Detailed Description of the Invention

[0001]

BACKGROUND OF THE INVENTION 1. Field of the Invention The present invention relates to a method for cutting a semiconductor ingot into a thin plate to form a semiconductor wafer.

[0002]

2. Description of the Related Art Conventionally, an inner peripheral blade type cutting apparatus has been used to cut a silicon single crystal ingot into a thin plate to form a silicon wafer. That is, as shown in FIG. 3, the inner blade blade rotates about the rotation axis, while the ingot is attached to the feed table, and before cutting, the ingot is positioned inside the inner blade blade, and the feed table moves. Cutting of the semiconductor ingot is started. As shown in FIG. 5, the semiconductor ingot 21 has a slice base 22 attached to the outer peripheral surface thereof in advance, and a wafer is formed by cutting from the side opposite to the side where the slice base 22 is attached. It In this case, the semiconductor ingot 21
The wafers cut from are put in a state of being continuously connected by the slicing table 22. Conventionally, this slice base 22 prevents clogging of the blade edge of the inner peripheral blade,
Also, carbon is used because it is easy to process and is inexpensive.

[0003]

However, since the slicing table made of carbon has a large hardness difference with the semiconductor ingot, there is a large difference in cutting resistance just before the semiconductor ingot is cut and separated.
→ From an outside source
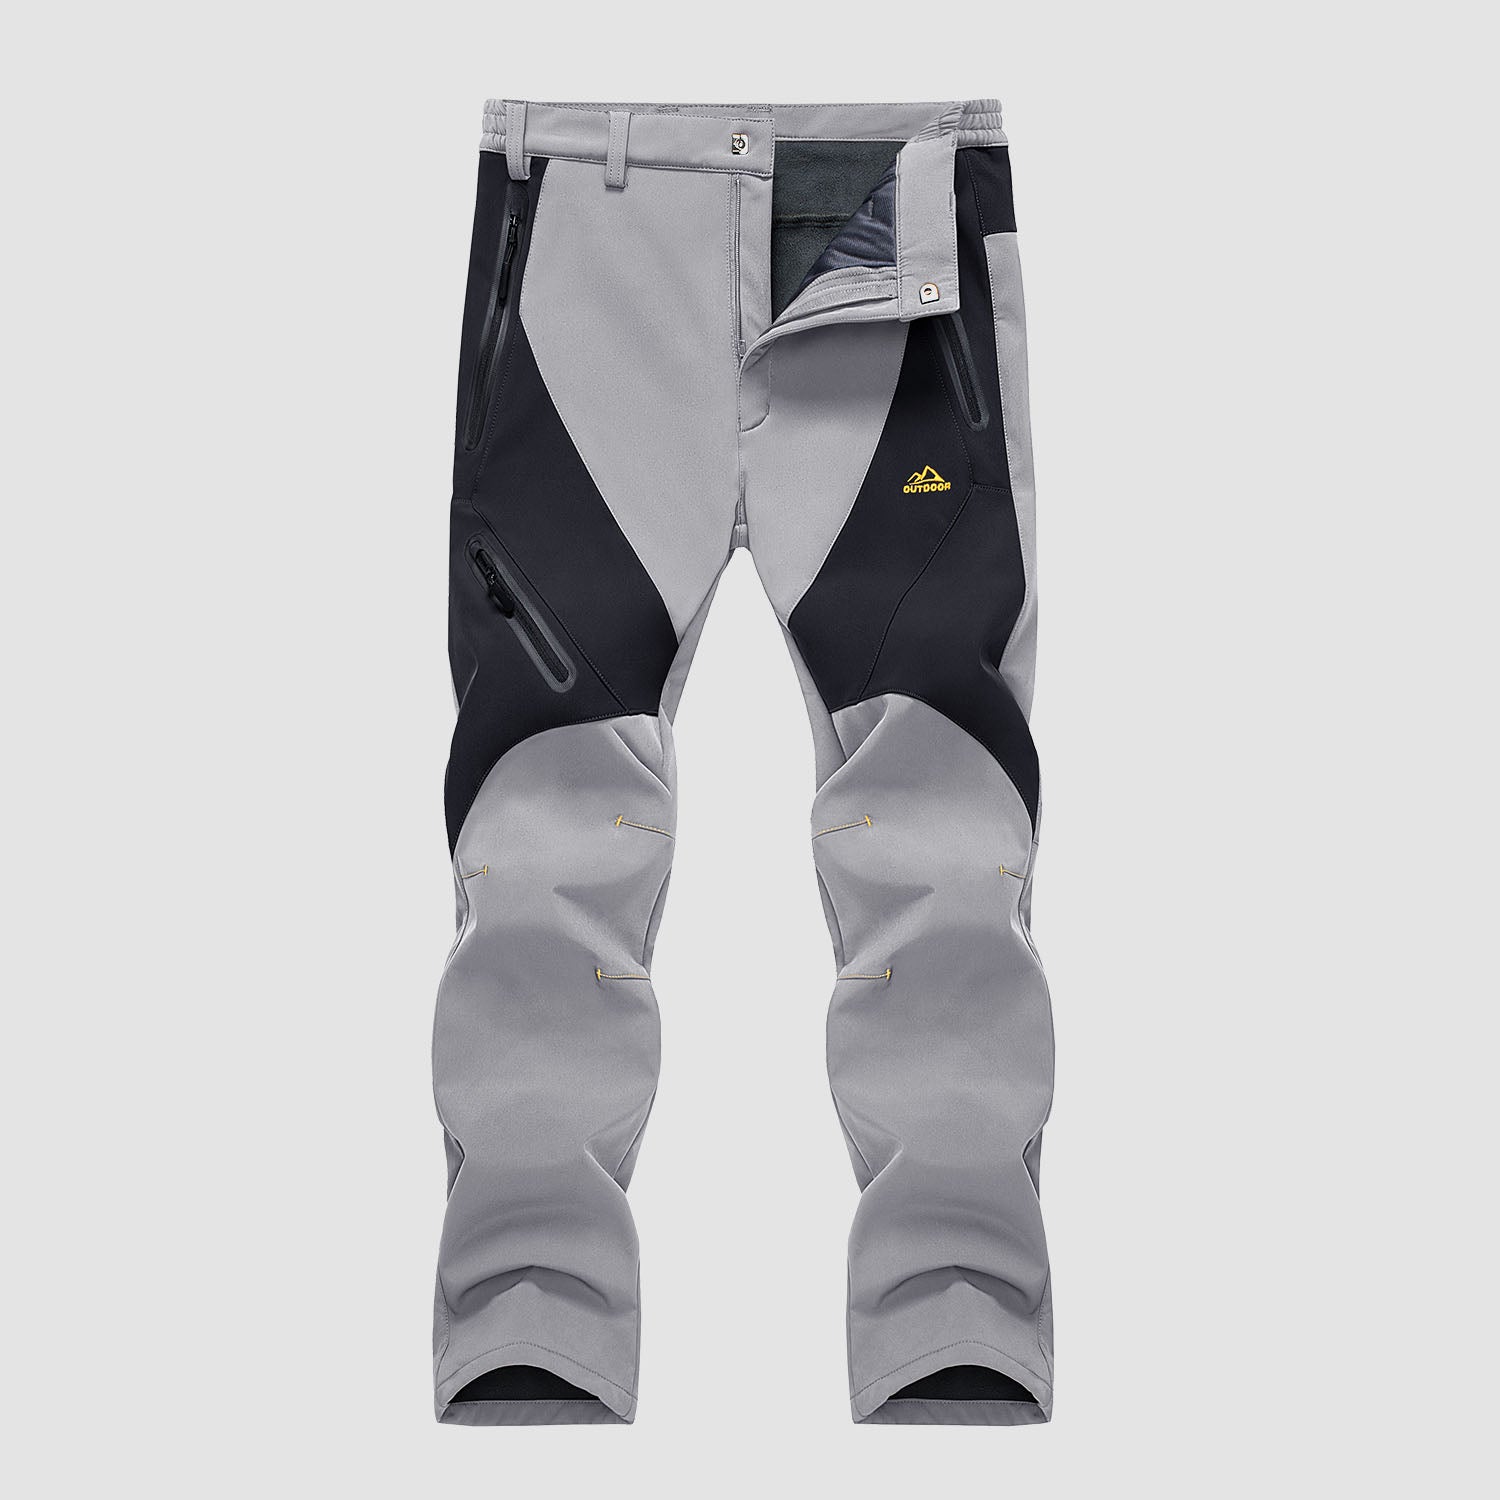 MAGCOMSEN Men's Hiking Pants 6 Pockets,Water Resistant Ripstop Outdoor Pants,Lightweight Quick Dry Fishing Work Pants
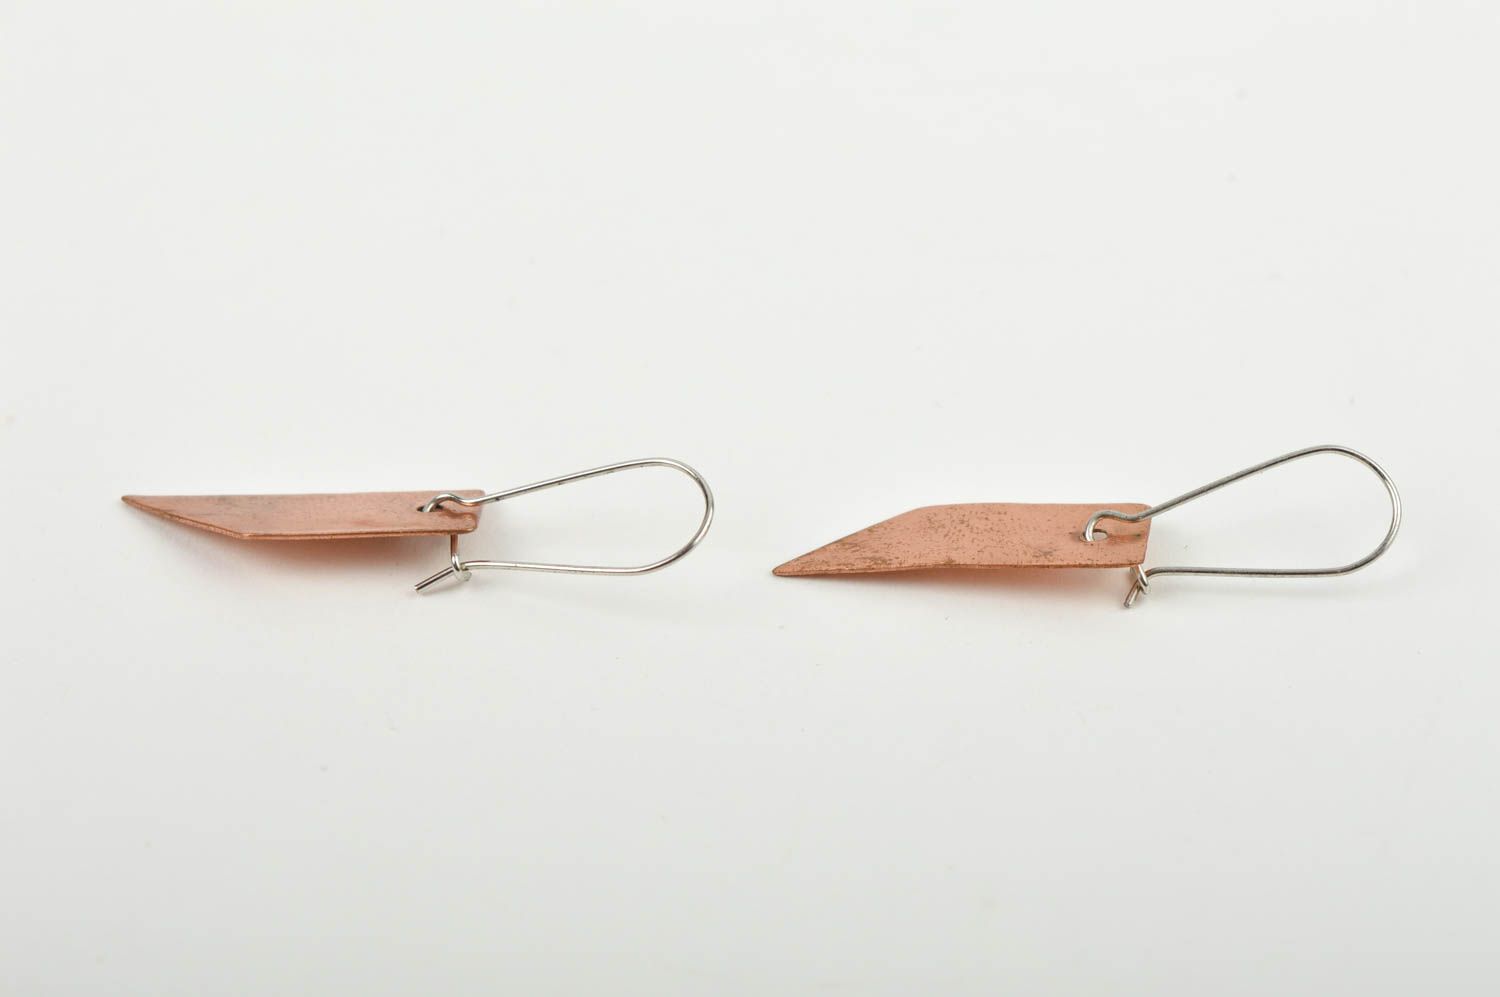 Designer handmade earrings copper stylish jewelry dangling earrings gift photo 5

Then, the blade edge of the inner peripheral blade was vibrated. For this reason, there is a problem in that this vibration causes a chip or a crack in the cut end portion of the wafer. Also, especially 4
In the case of a wafer having a thickness of 00 μm or less, there is a problem that the weight of the wafer cannot be supported only by the cut carbonaceous slicing table, and as a result, the wafer may drop.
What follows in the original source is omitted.